The Laguna campus has inner roads named after notable Lasallian brothers and saints in the university's history. The facilities in the campus include:
- Milagros R. del Rosario Building, the first building in the campus. The five-story building houses the campus's administrative offices, DLSU Integrated School's senior high school, computer and science laboratories, an auditorium, a library for senior high school and college levels, a media laboratory, a radio station booth, and three research facilities. The building was donated to the school by Ambassador Ramon V. del Rosario. Construction began in April 2002 and was completed in June 2003. It was designed by the firm L.V. Locsin and Partners.
- Learning Center 1 (LC1), home to DLSU Integrated School's pre-school, Kindergarten, and elementary (Grades 1 to 4) levels. It is also considered to be part of LC1, LC1 Annex, or more commonly Annex.
- Integrated School Complex, also known as Learning Center 2 (LC2), home to the DLSU Integrated School's Grades 5 to 10, as well as the Integrated School's library and administrative office since 2013.
- One Mission Park, a park between the Milagros R. del Rosario Building and Learning Commons 1 containing the statue of St.
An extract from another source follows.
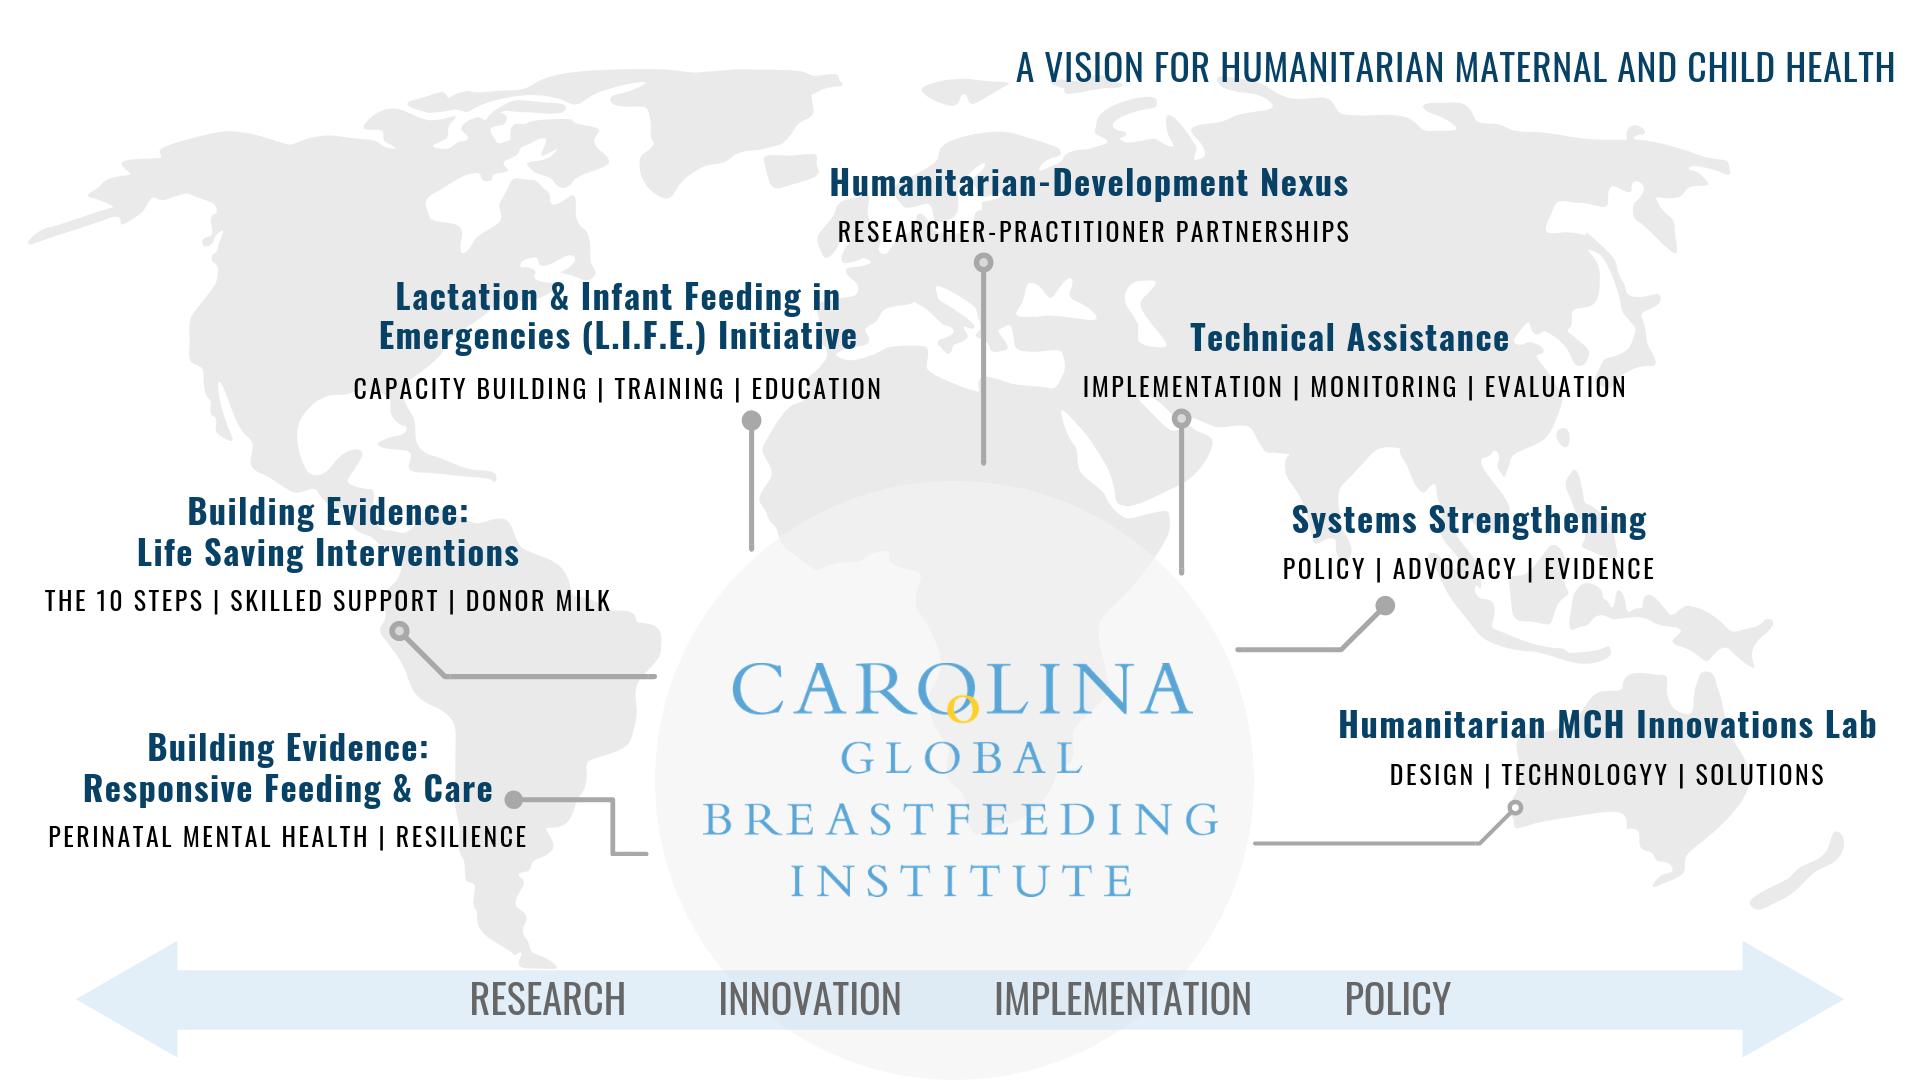 Carolina Global Breastfeeding Institute graphic
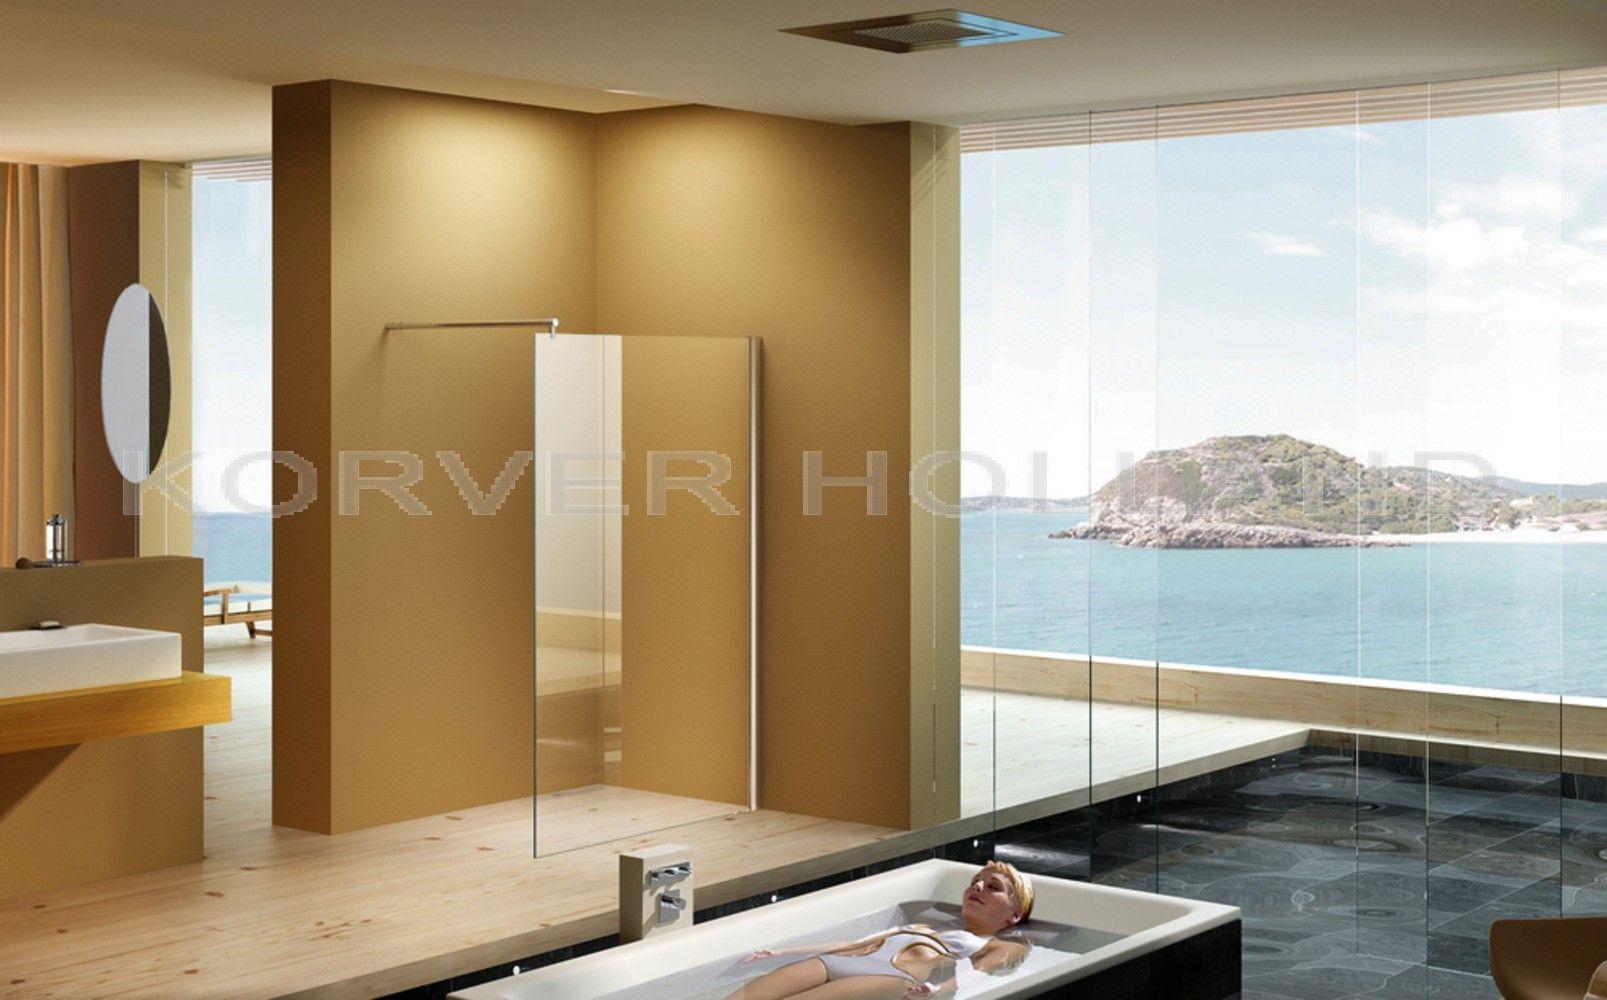 korver eco inloopdouche 900x2000mm. Black Bedroom Furniture Sets. Home Design Ideas

John Baptist de La Salle and the 100th anniversary logo of De La Salle University.
- Residence Hall, a two-story dormitory for senior high school and college students, and the first dormitory at the campus.
- Kalye Berde, an elevated park with the statue of Leandro Locsin.
- Richard L. Lee Engineering Technology Block, originally known as The Hangar, a three-story hub of the university's engineering program, inaugurated in February 2019. It houses the industry locators doing various R&D projects on campus, as well as Animo Labs and laboratories that will cater the College of Computer Studies.
- George S.K. Ty Advanced Instrumentation Building, originally known as the Clean Building, a four-story building completed in 2018 and inaugurated in 2019. It currently houses classrooms for the college level, as well as high-precision equipment for experiments and laboratory works. It is also home to research facilities, including the Central Instrumentation Facility (NMR Lab), Integrated Electron Microscopy Center, Biological Control Research Unit, and Imaging and Cell Culture Facility.
- Teaching Laboratory Building, also known as the Clean Building Extension, a five-story building situated next to George S.K. Ty Advanced Instrumentation Building. The building was completed in 2023.
- John L. Gokongwei Jr. Innovation Center, a three-story building launched in January 2019 that hosted the Philippine hub of Ubisoft from 2018 to 2024.
- Santuario de La Salle, the world's first Roman Catholic shrine dedicated to St. John Baptist de La Salle. Originally named as Signum Fidei Chapel and Shrine of St. John Baptist de La Salle, its groundbreaking was held on January 26, 2019, on the campus's former open parking, and it was opened on November 21, 2022. A carillon tower is located southeast of the shrine.
- Enrique K. Razon Jr. Hall, a multidisciplinary center that houses the Enrique K. Razon Jr. Logistics Institute and learning spaces, including the "first bi-level digital learning commons". Inaugurated on December 6, 2024, it is named after La Salle Green Hills alumnus Enrique K. Razon.
- University Hall, an academic building adjoining the Enrique K. Razon Hall, opened in 2025.
- Sports facilities, such as:
  - The campus's Football Field and Track Oval, an artificial football pitch and track and field oval. The football field, surrounded by an IAAF-standard track, measures 100 by 64 m wide and is the second artificial pitch in Laguna after the Biñan Football Stadium.
  - St. Matthew Gymnasium, a fully air-conditioned indoor sports facility that features open courts with a 504-seating capacity for university-wide activities and events, donated by DLSU alumnus Danilo Dimayuga. It was opened on September 21, 2022, coinciding with the feast day of its namesake, St. Matthew the Apostle.
  - DLSU Covered Court, the original indoor court of the campus.
  - IS Football Field, a soccer field near DLSU Integrated School buildings such as LC1 and LC2.
  - A semi-Olympic swimming pool, a beach volleyball court, and a baseball field near LC1 and LC2.
- Evelyn D. Ang Hall, a building that is home to the Evelyn D. Ang Institute of Biomedical Engineering and Health Technologies (EDA-IBEHT). Groundbreaking was held on November 24, 2023 and the building was topped off on January 24, 2025.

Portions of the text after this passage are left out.